Given data =
Start of Block

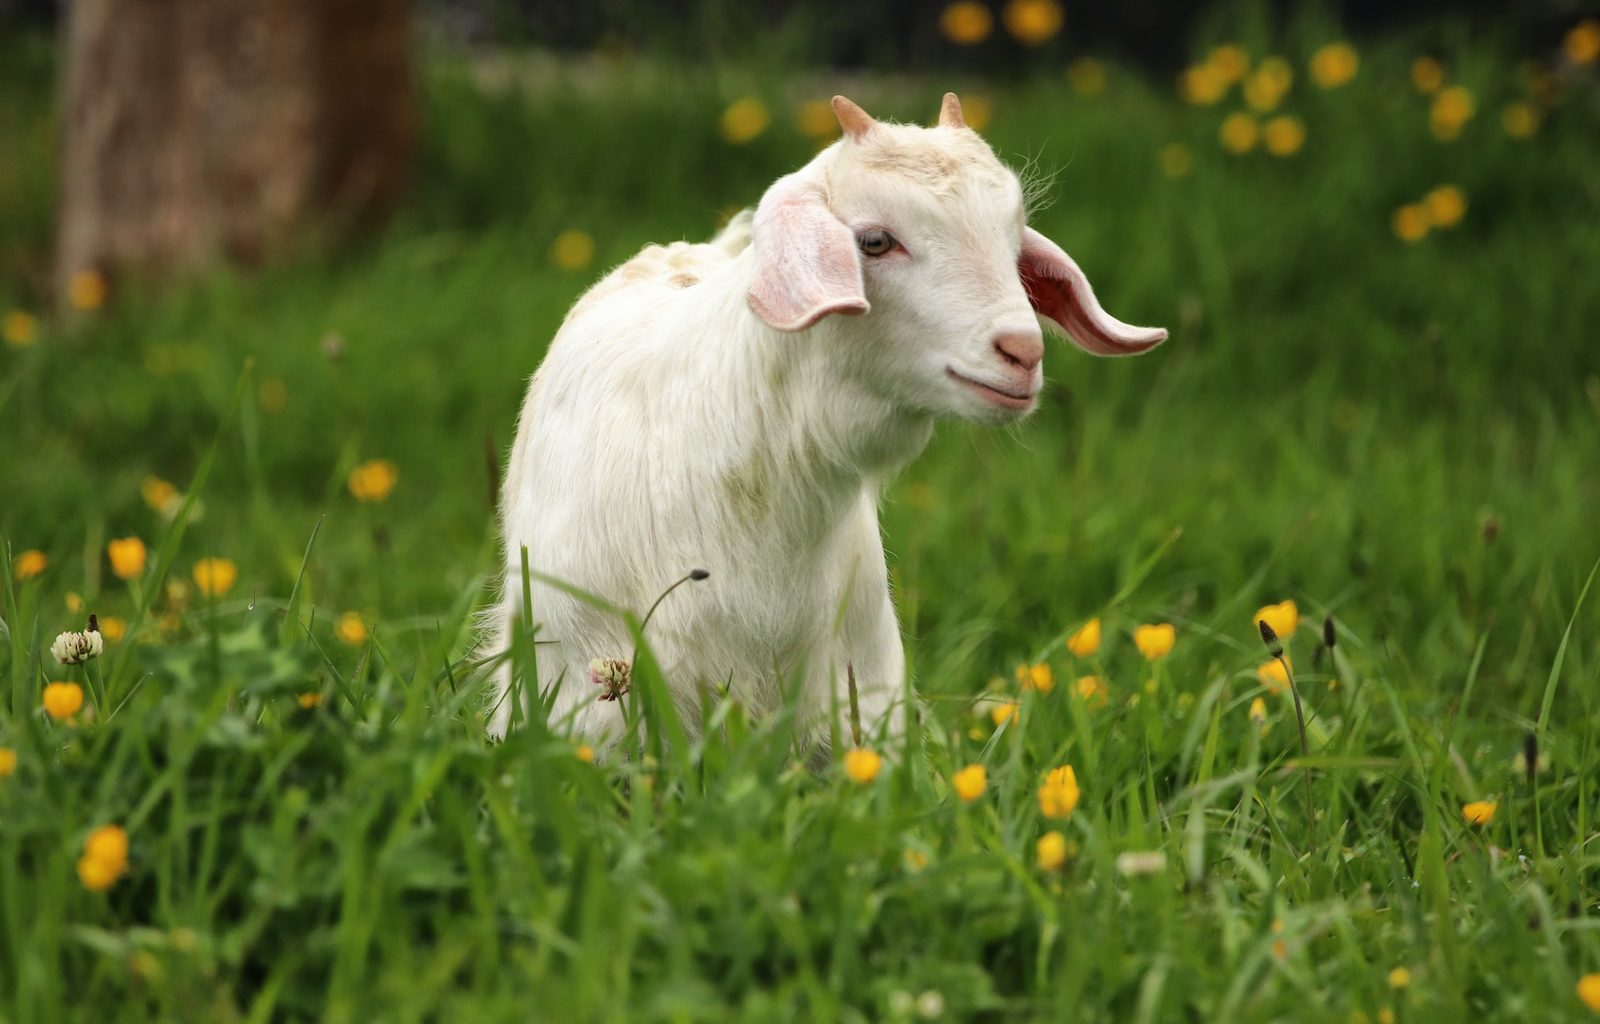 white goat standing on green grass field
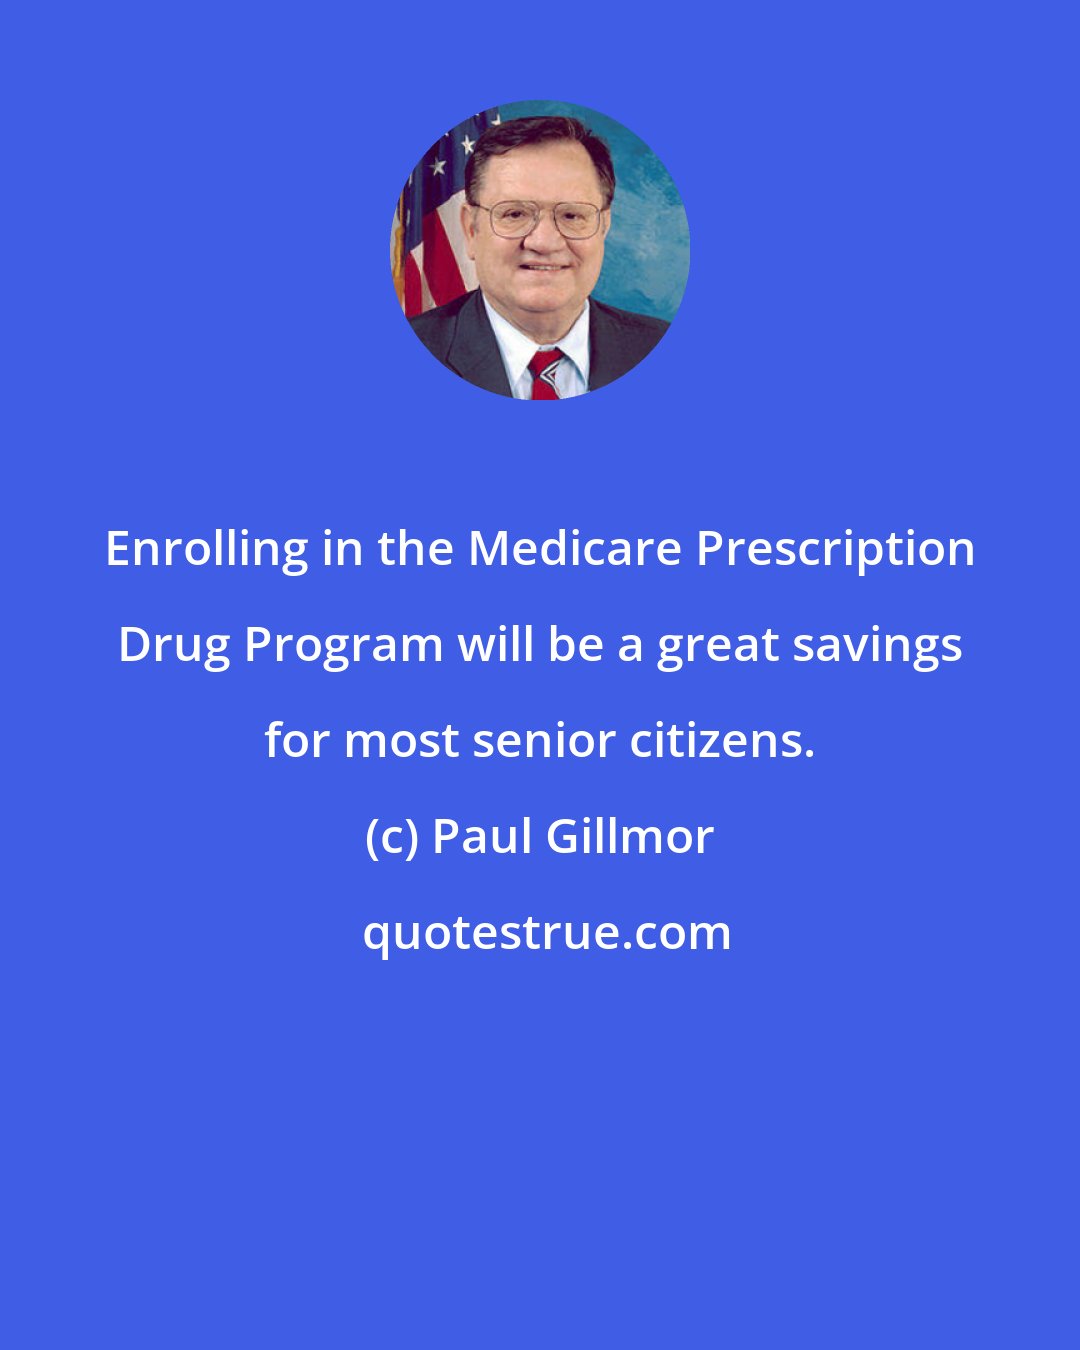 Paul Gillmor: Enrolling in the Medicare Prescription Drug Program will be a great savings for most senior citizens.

End of Block
Start of Block

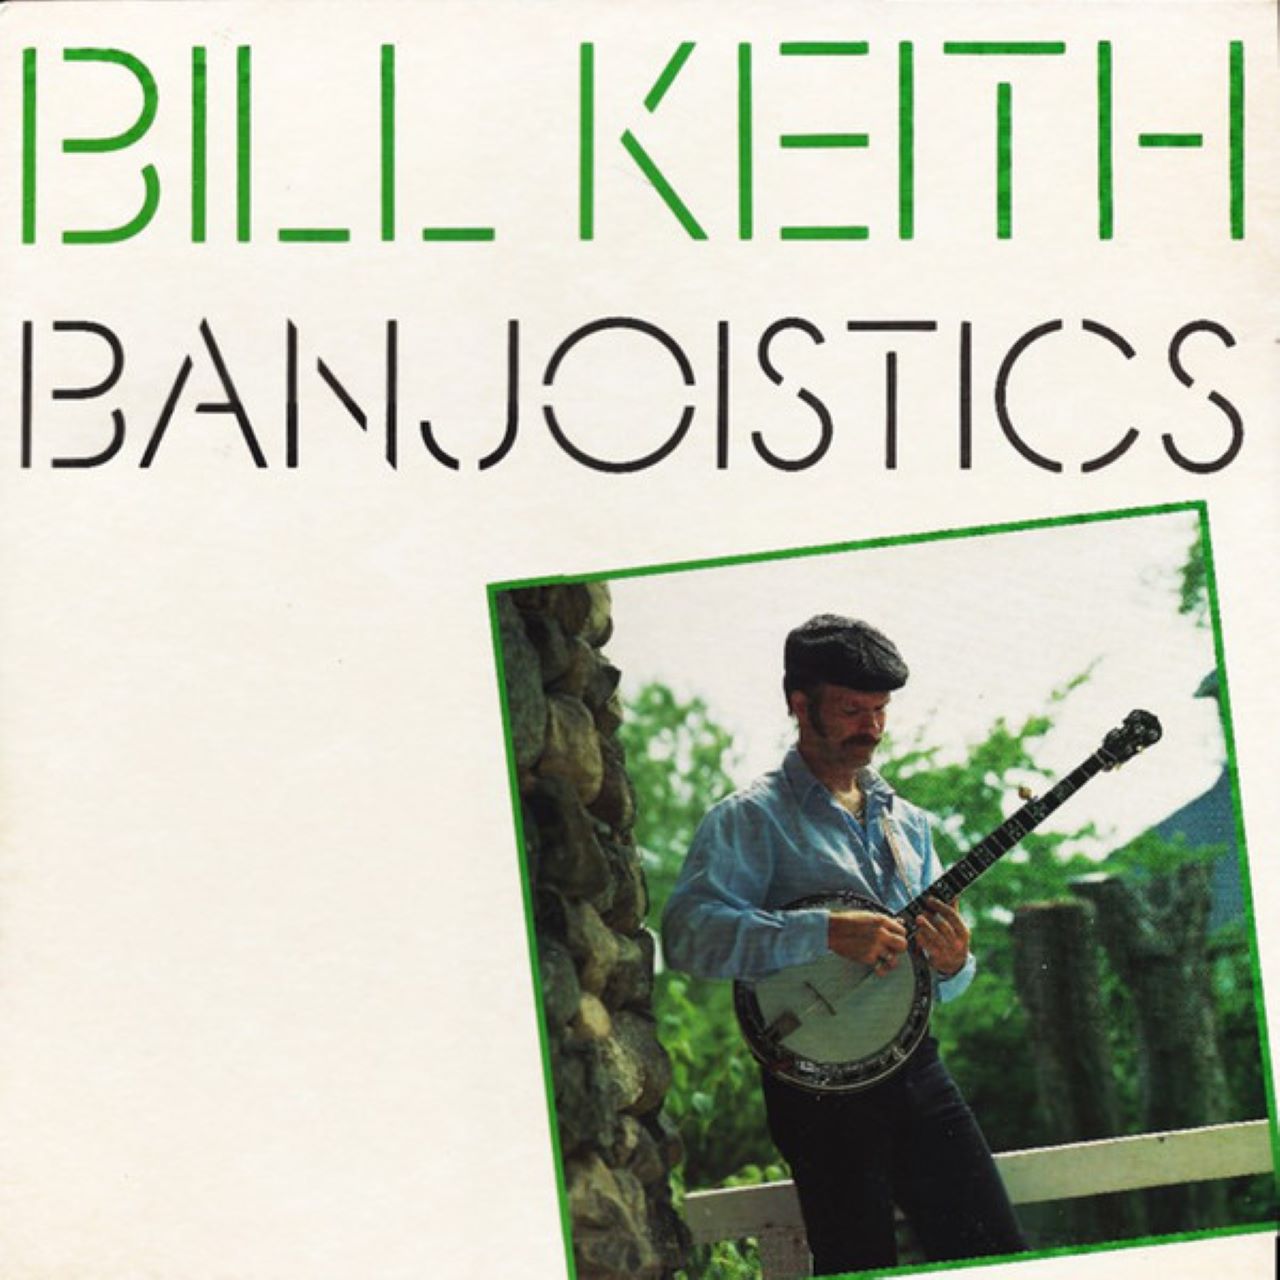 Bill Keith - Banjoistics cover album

End of Block

What the exercise asks =
In the entries above, every line from the line with "white goat standing on green grass field" to the line with "Paul Gillmor: Enrolling" is to be printed exactly, with both ends included and pictures excluded.

Result of the task =
 white goat standing on green grass field
 Paul Gillmor: Enrolling in the Medicare Prescription Drug Program will be a great savings for most senior citizens.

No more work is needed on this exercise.